Work to be completed - Retype every record exactly. Leave the pictures out.

Study material -
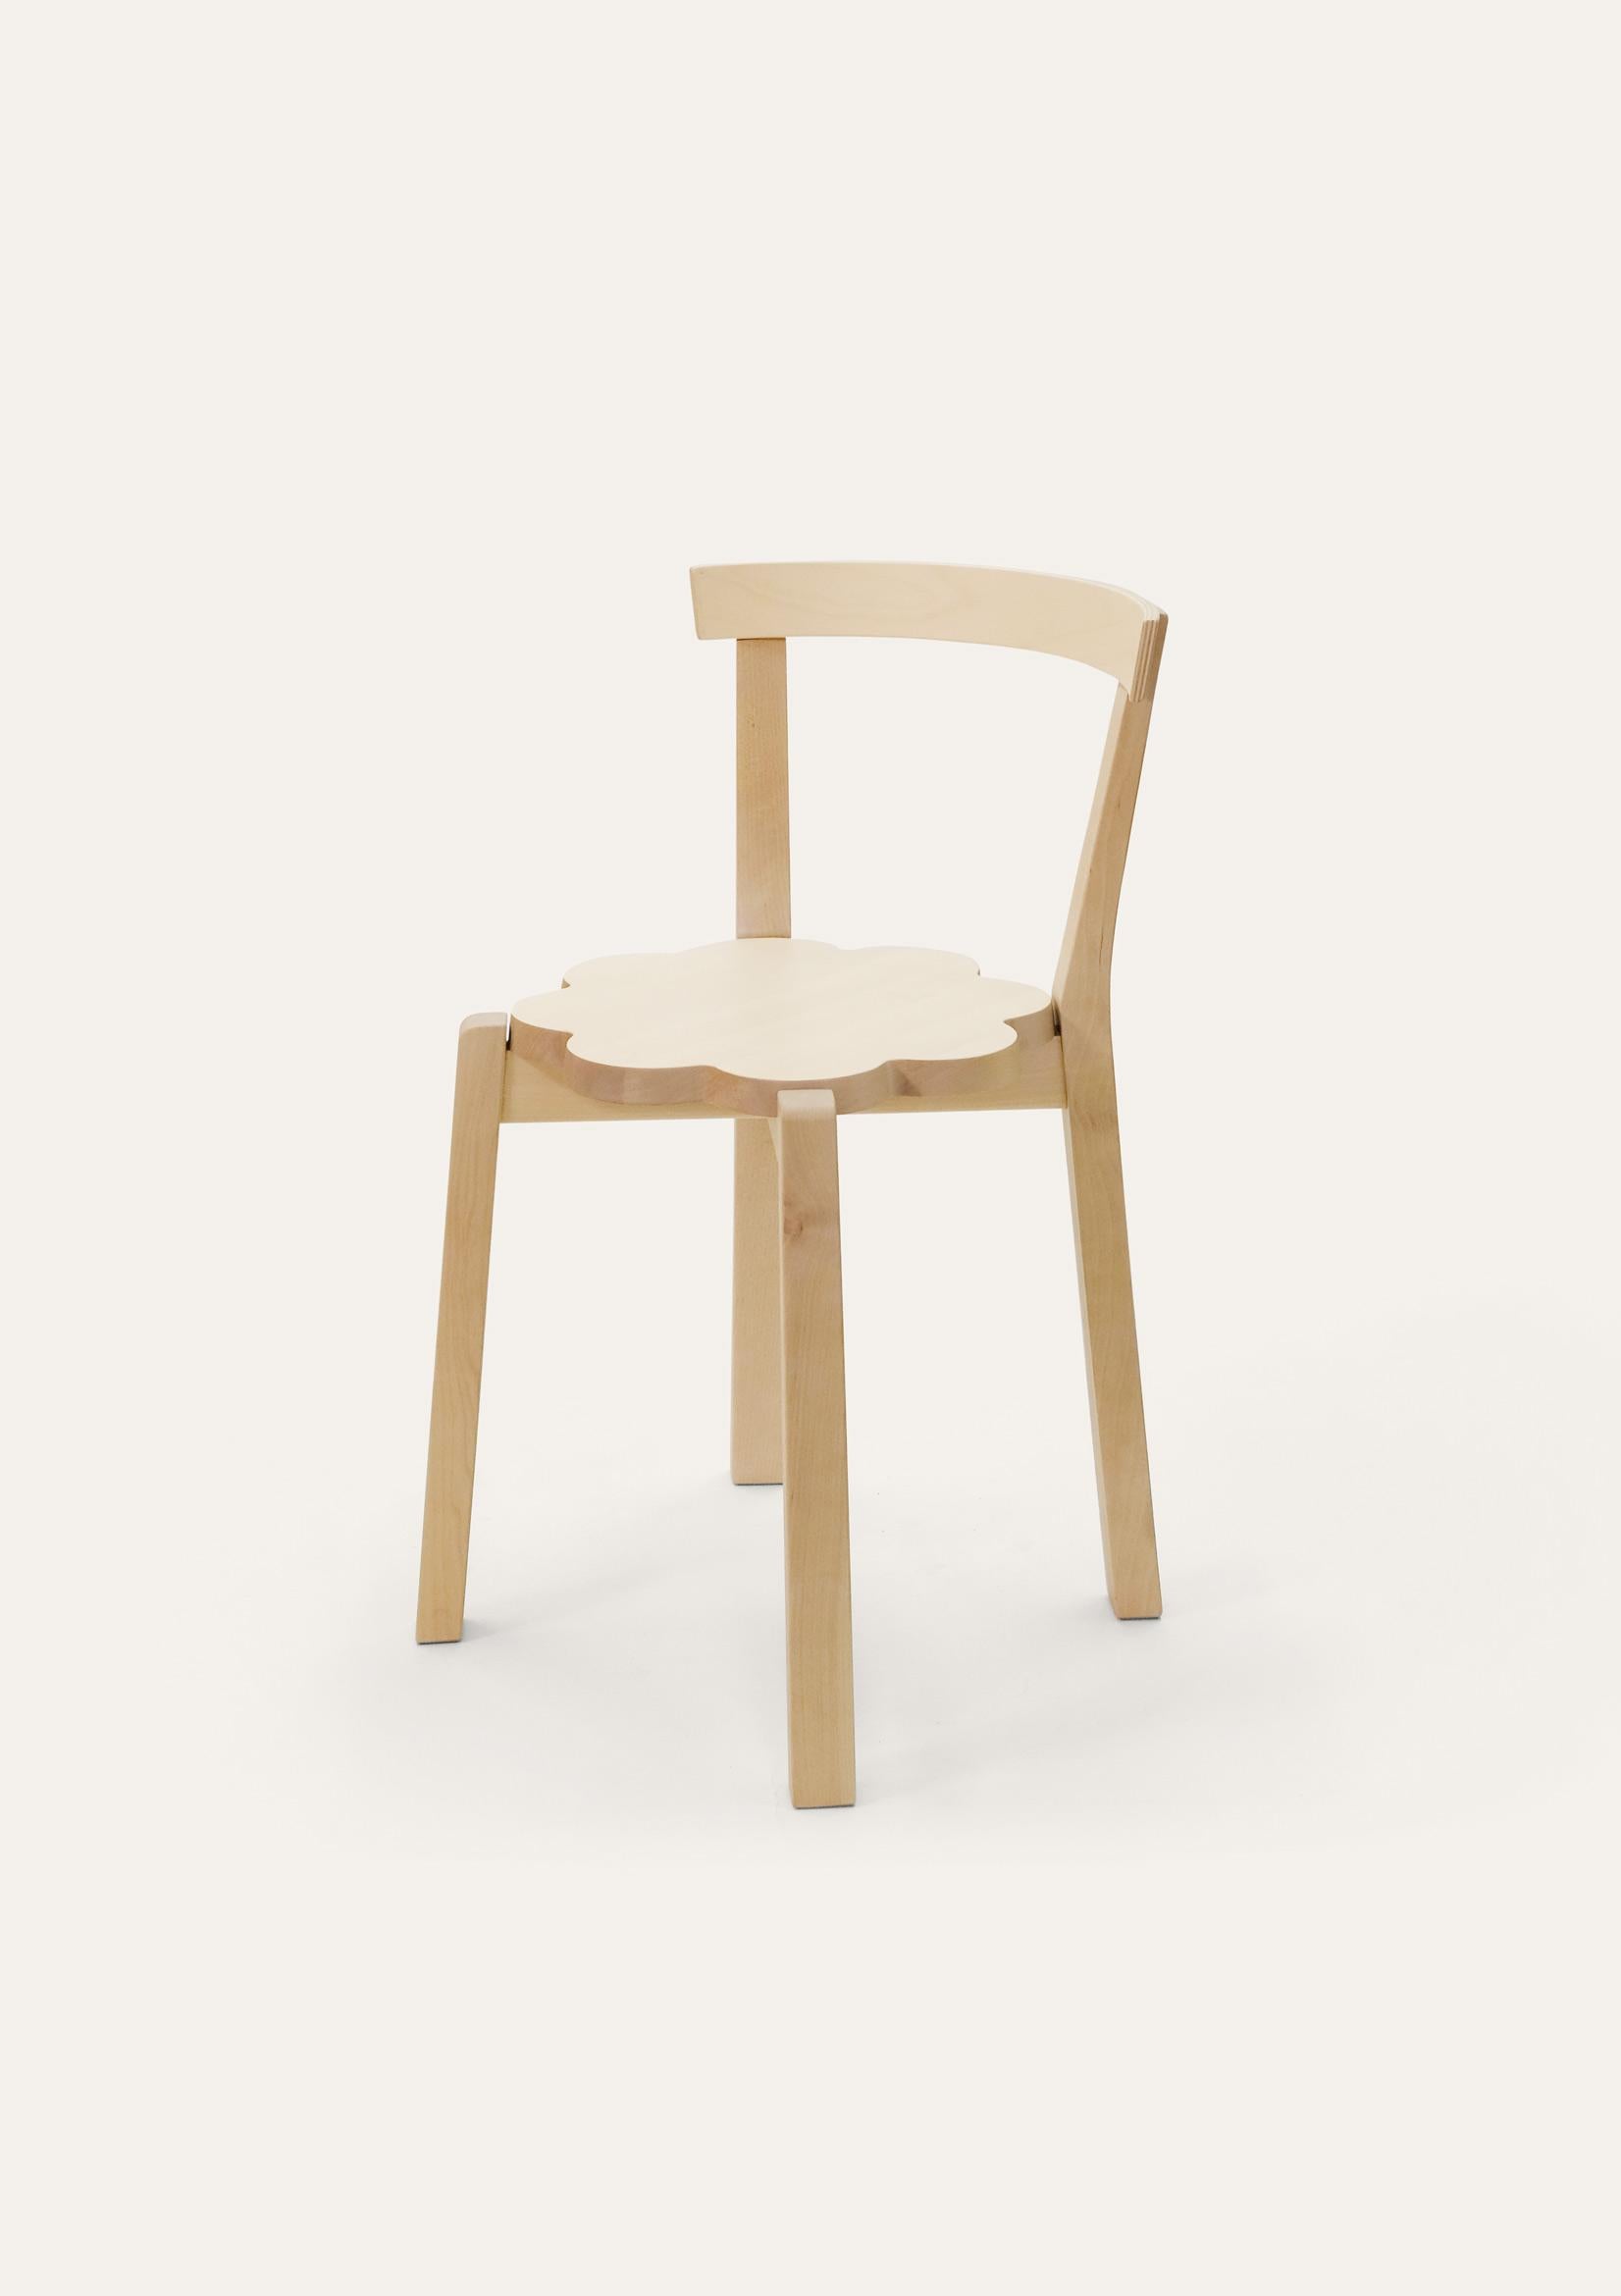 Natural Blossom Stuhl von Storängen Design
Abmessungen: T 46 x B 41 x H 72 x SH 45cm
MATERIAL: Birkenholz.
Erhältlich in anderen Farben und Größen.

Ein kleiner und ordentlicher, stapelbarer Stuhl, der sich gut an Tischen in Cafés und Wohnzimmern
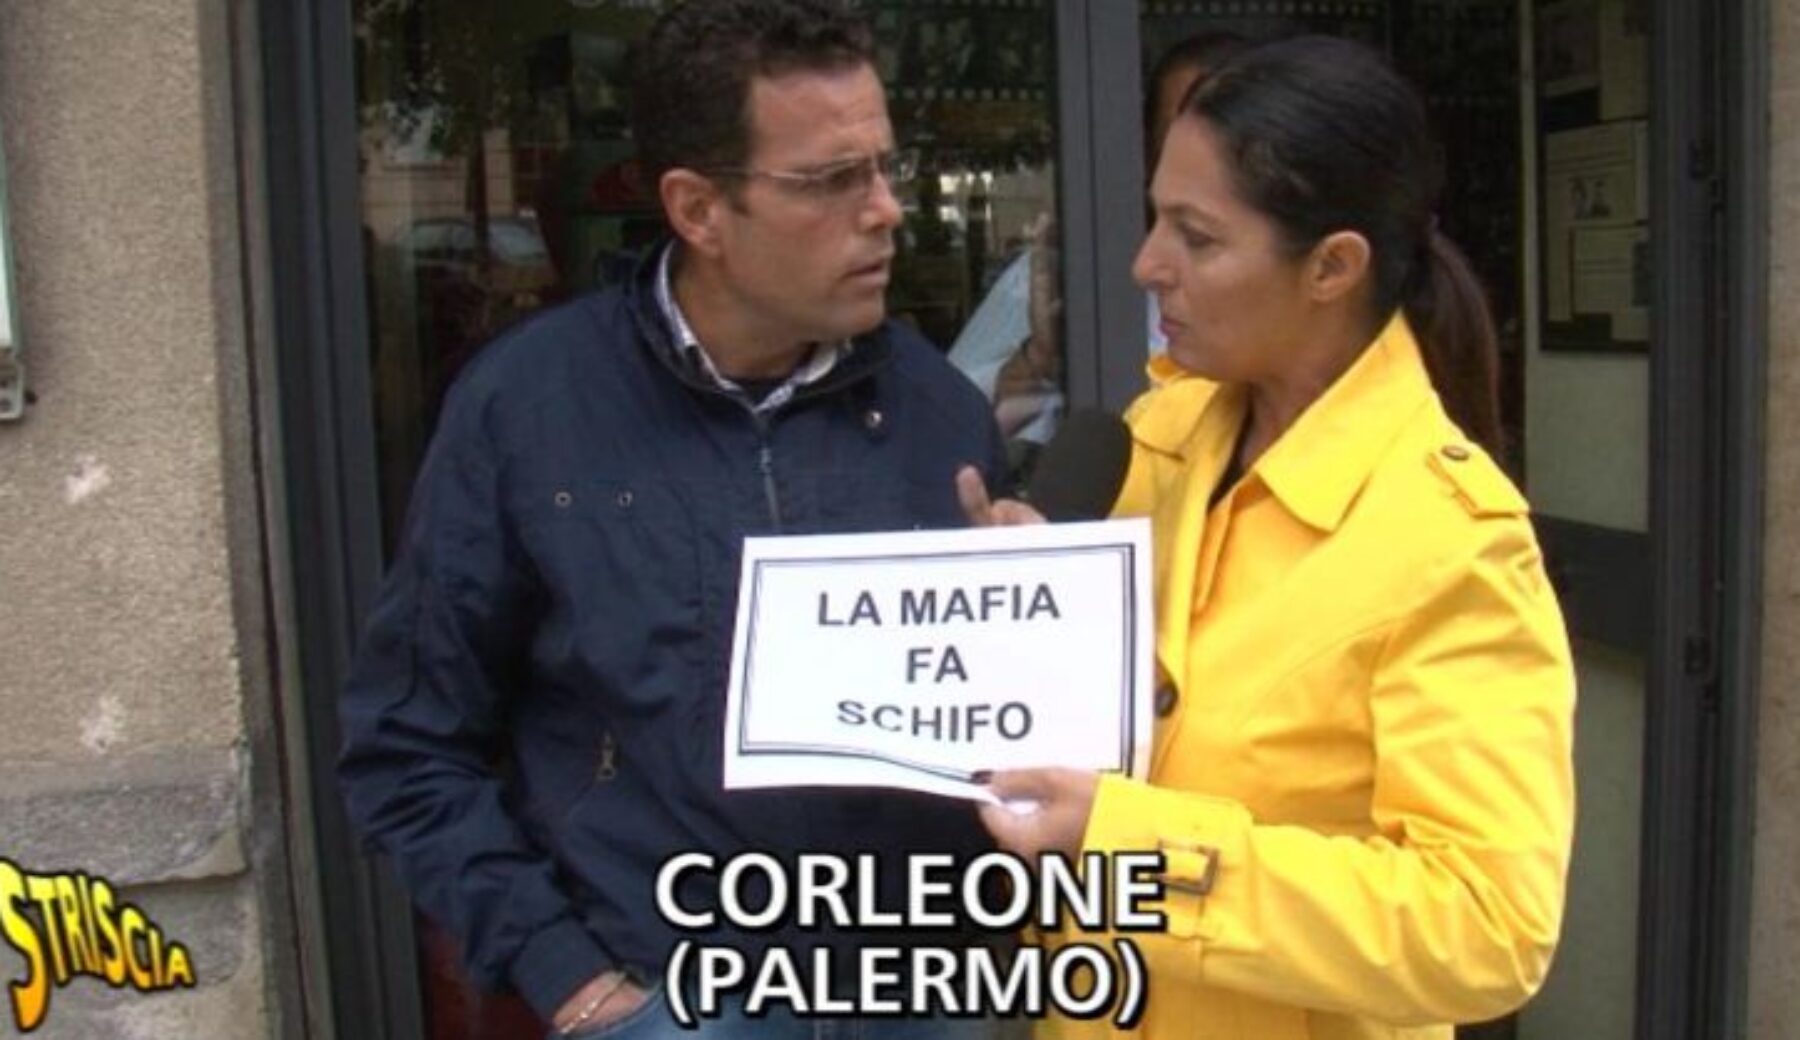 A Striscia la notizia Stefania Petyx a Corleone per un selfie contro la mafia

Solution to the exercise -
 Natural Blossom Stuhl von Storängen Design
Abmessungen: T 46 x B 41 x H 72 x SH 45cm
MATERIAL: Birkenholz.
Erhältlich in anderen Farben und Größen.

Ein kleiner und ordentlicher, stapelbarer Stuhl, der sich gut an Tischen in Cafés und Wohnzimmern
 A Striscia la notizia Stefania Petyx a Corleone per un selfie contro la mafia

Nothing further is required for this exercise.